The Biggest Risk Facing Australian Businesses

The financial services industry represents a significant segment of Australian businesses. Trends affecting this group are often also found in the broader Australian marketplace. Large financial services businesses are currently entering a critical phase, the retirement of the baby boomers and therefore massive losses of ingrained skills and knowledge.

According to an Accenture research paper, the Financial Services industry is top-heavy with baby boomers who plan to retire within the next 10 years. When older staff members and their decades of accumulated knowledge and expertise leave, a void is left behind. A point reinforced by in a 2012 Australian Human Resources Institute (AHRI) survey which found that as many as 46 percent of Australian employers found that the departure of older staff had resulted in the loss of key knowledge or skills and made their enterprise less competitive.

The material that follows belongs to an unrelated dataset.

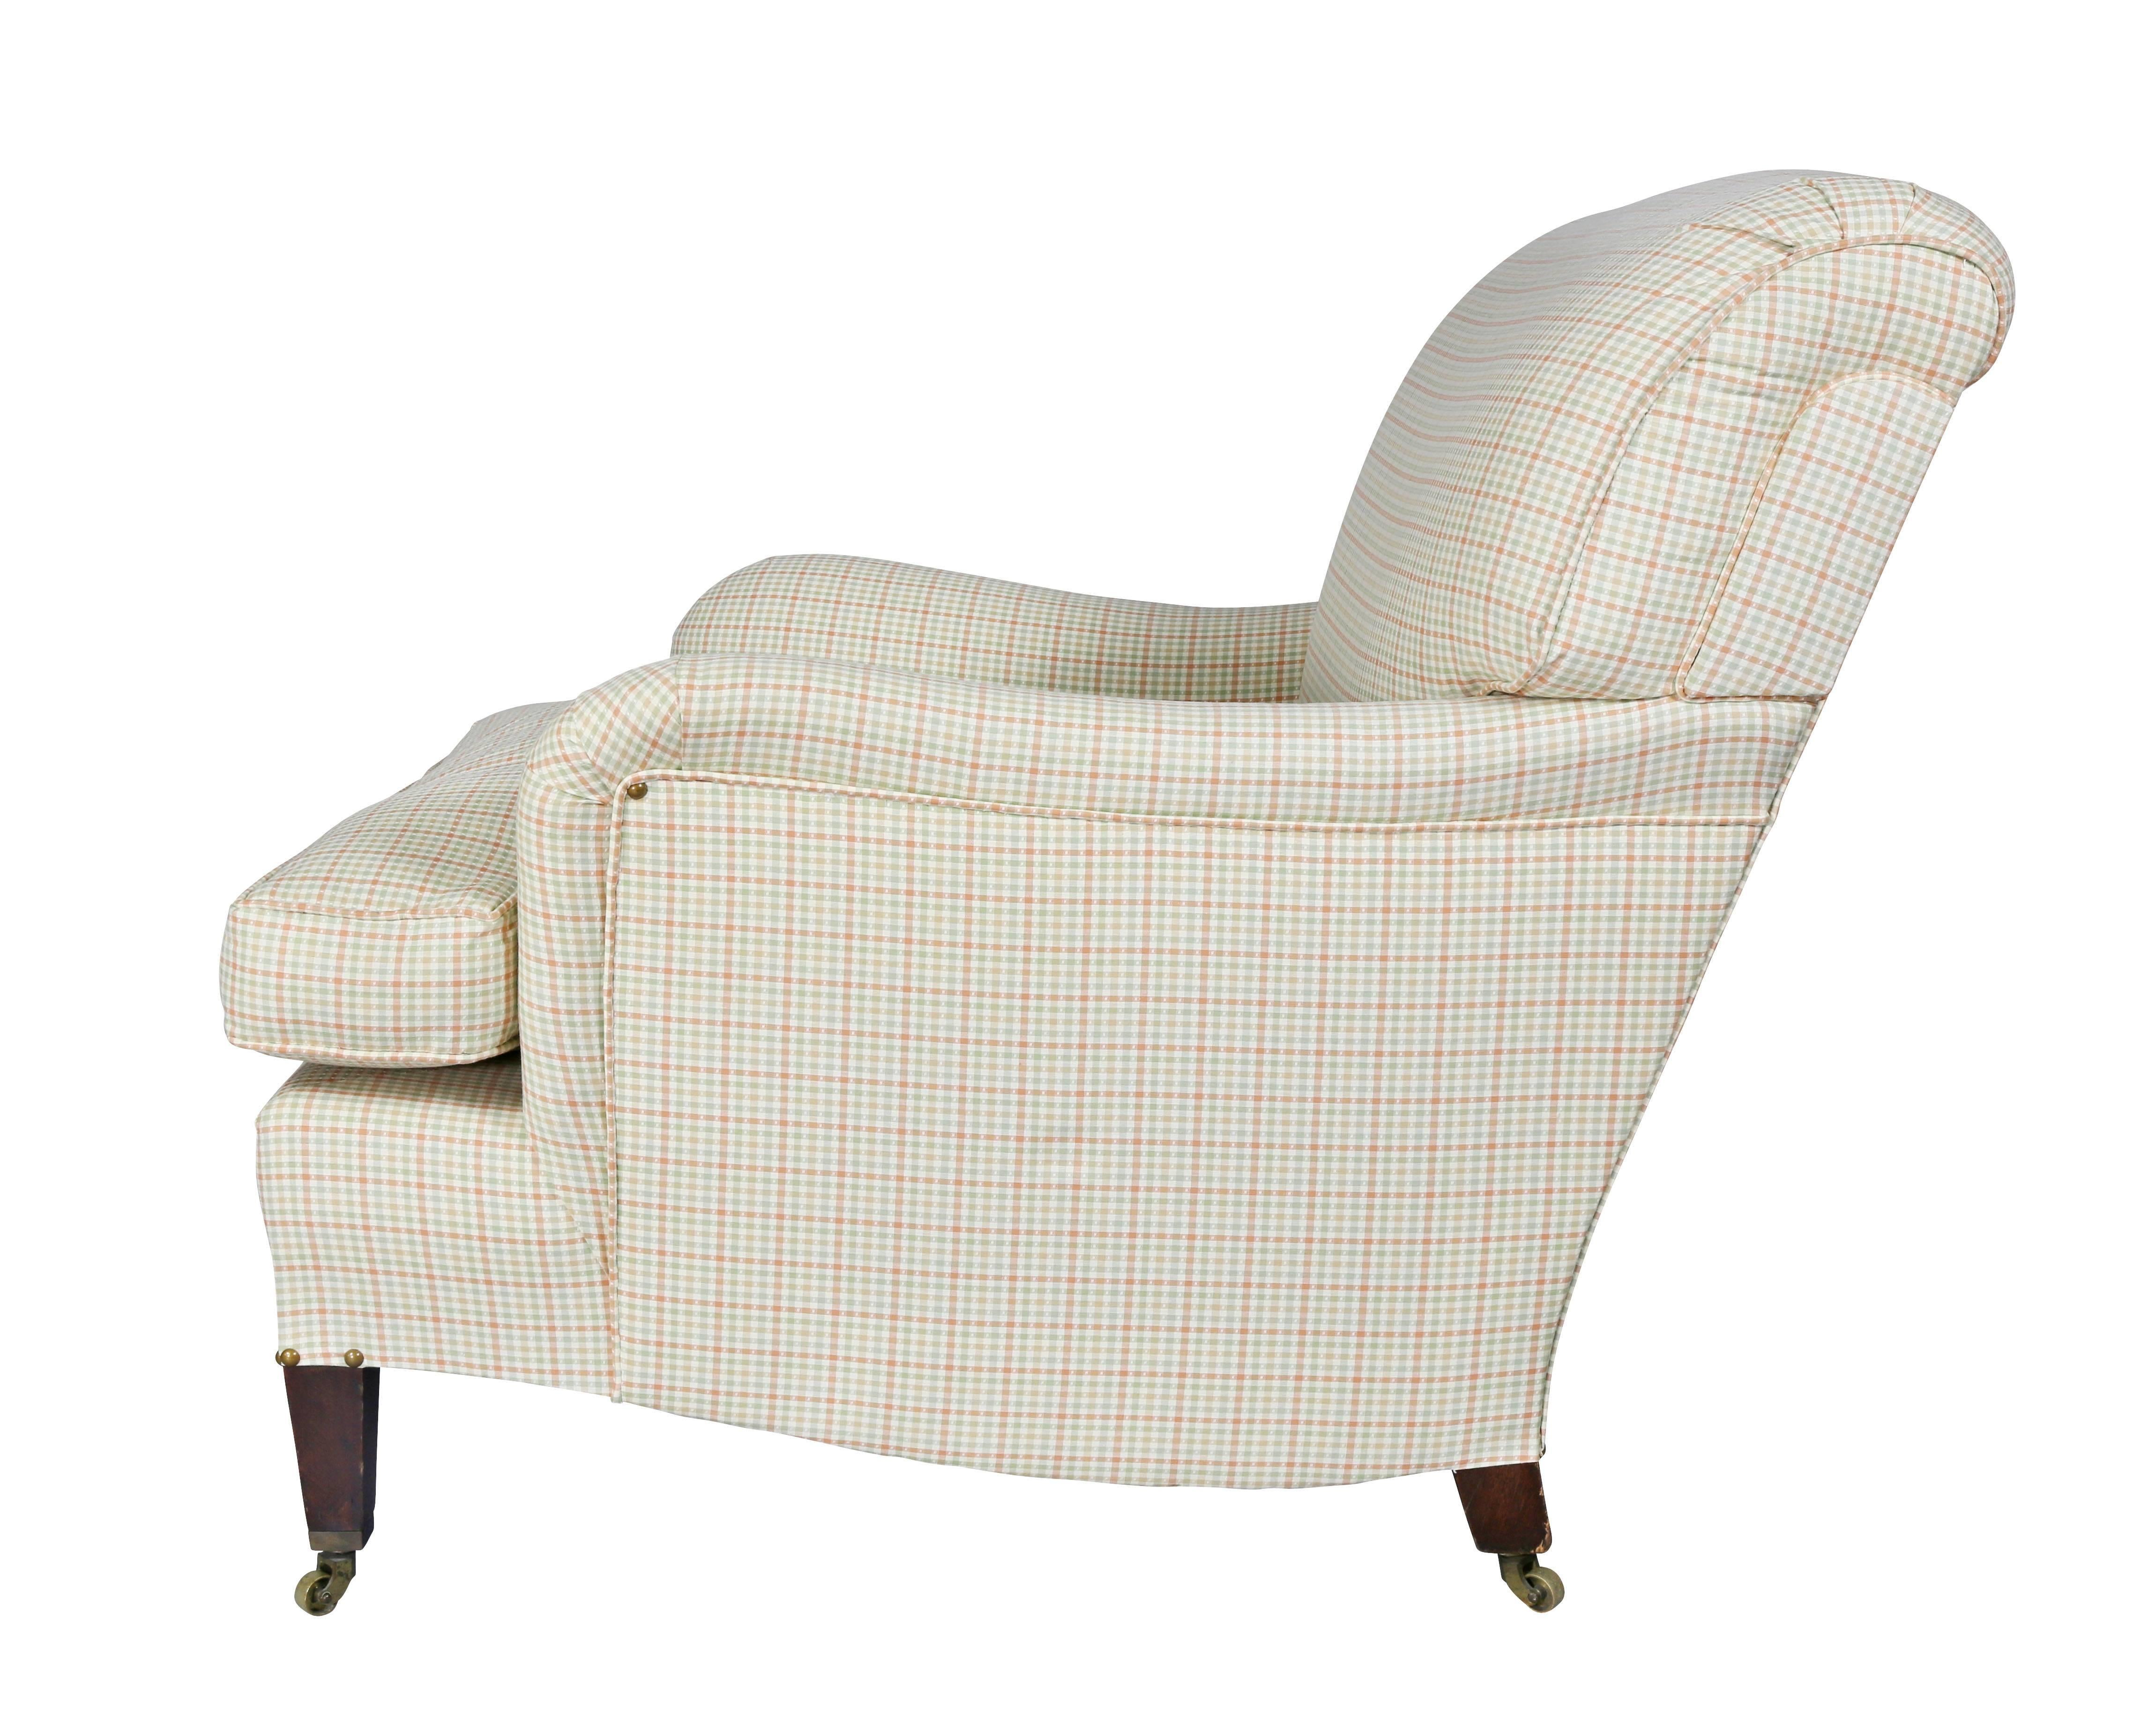 Edwardian Upholstered Armchair Attributed to Howard and Sons

With the continued increase in the median age of the Australian population too, Australian businesses are faced with a significant workforce planning challenge in renewing that talent.

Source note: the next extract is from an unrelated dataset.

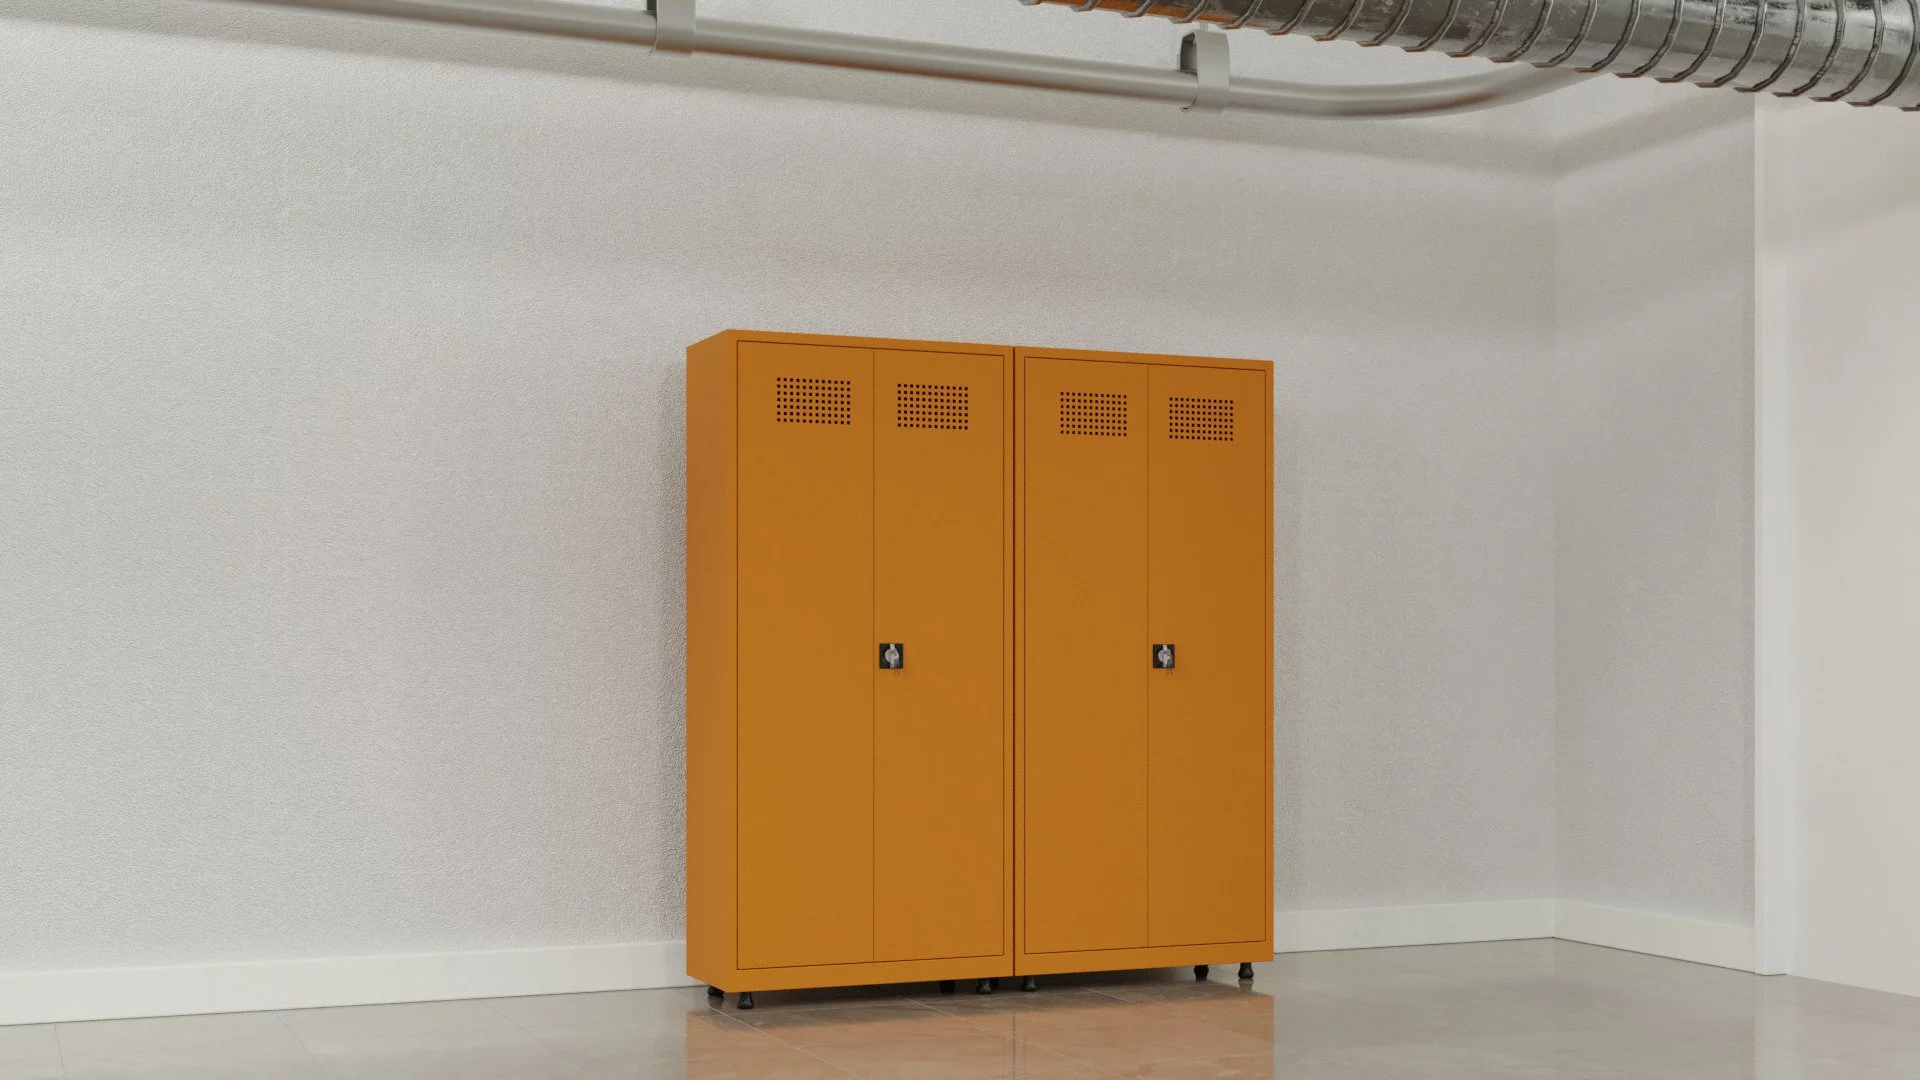 view of chemical substances storage cabinet with 4 shelves

The implications are obvious, especially, in industries such as insurance where relationships between agent, brokers and customers require trust that often is built over a number of years. New recruits are likely to miss out on having access to advice and sounding boards from more experience colleagues. In lieu of a “transactive memory” that can guide someone towards a prompt resolution of a claim we will be left with people left searching for answers and most likely worsened customer experience and costly mistakes.

Opportunities

It doesn’t have to be all doom and gloom. Losing the old guard also creates opportunities for new guns to bring in fresh ideas and challenge old methods and processes. There are a number of Strategic Human Resource Management approaches that can be implemented to attract and retain knowledgeable workers such as mentoring, flexible work practices, job sharing or contracting freelancers; such options also appeal more to women and older workers. Naomi White from Suncorp also points to the increasing number of tertiary-educated people in the developing world as a potential talent pool to consider; a worthwhile option given the growth of cloud based technology and remote access.

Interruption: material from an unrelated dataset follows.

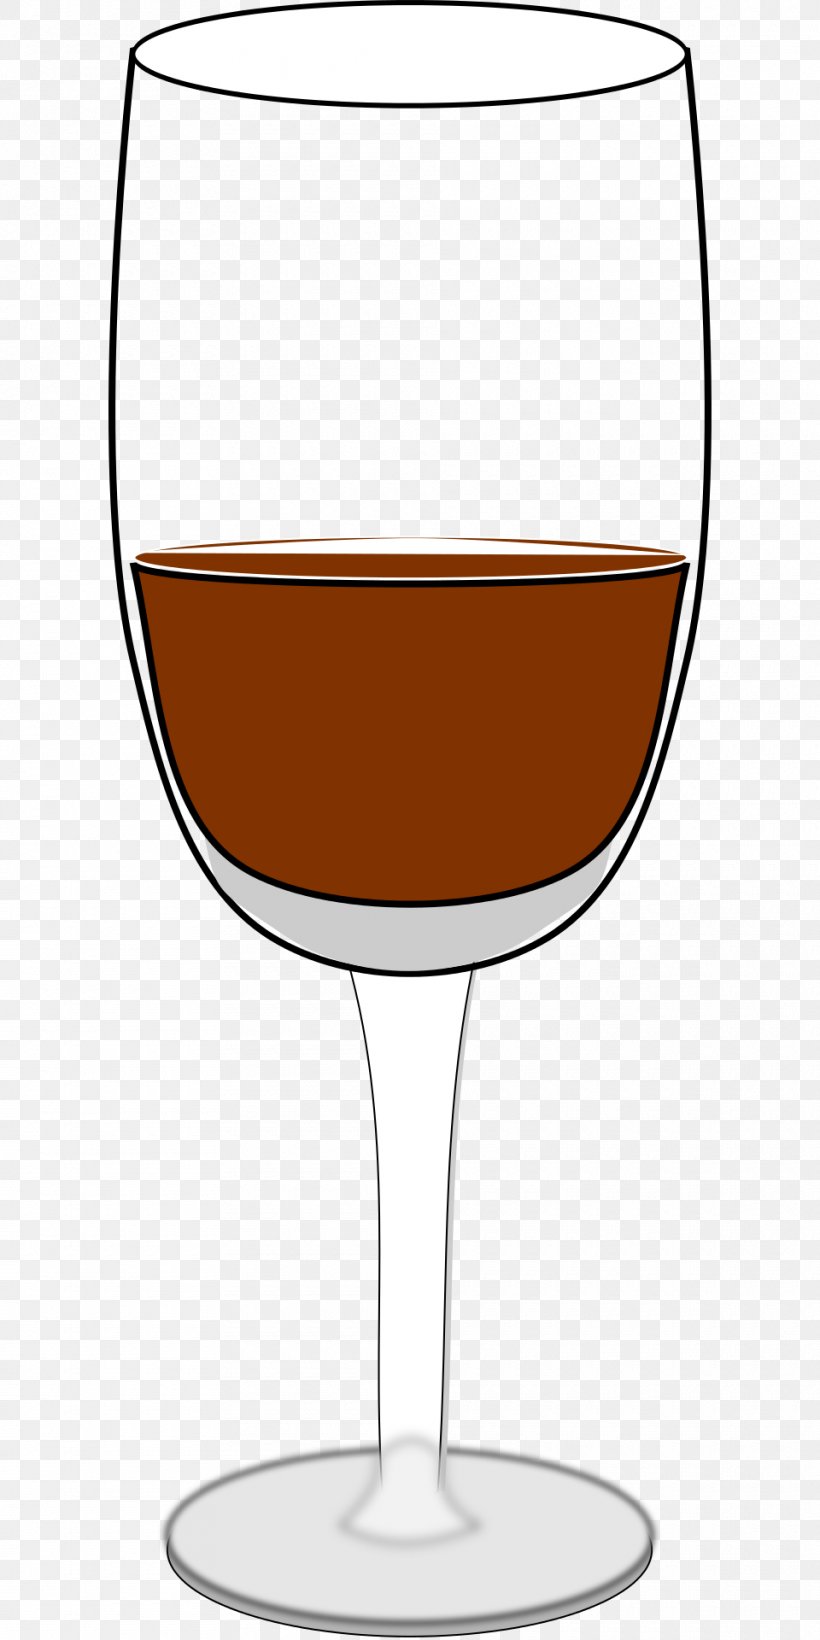 Wine Glass Drink Champagne Glass, PNG, 960x1920px, Glass, Alcoholic Drink, Beer Glass, Beer Glasses, Champagne Glass Download Free

The right technology can facilitate all of the above. While over the last decade the implementations of document, records and multimedia libraries have become pivotal to sharing documents, training videos, podcast and providing a collaborative environment, there is still room for improvement.

Capturing business rules in a knowledge and rules engine will also provide tremendous advantages and benefits. First, it structures and supports tacit knowledge such as Decision, Constraint and Generative Knowledge. Second, it ensures omni channel consistency in practices and business processes with a single version of the truth across all channels, internal as well as external.

Technology can also provide a knowledge base foundation to customer facing applications, such as guided selling, guided services, needs analysis or a reference knowledge base to claim staff. In other words, capture and formularise the tacit knowledge from the experts in such manner than it can be shared and spread more readily and efficiently across the organisation and value chain.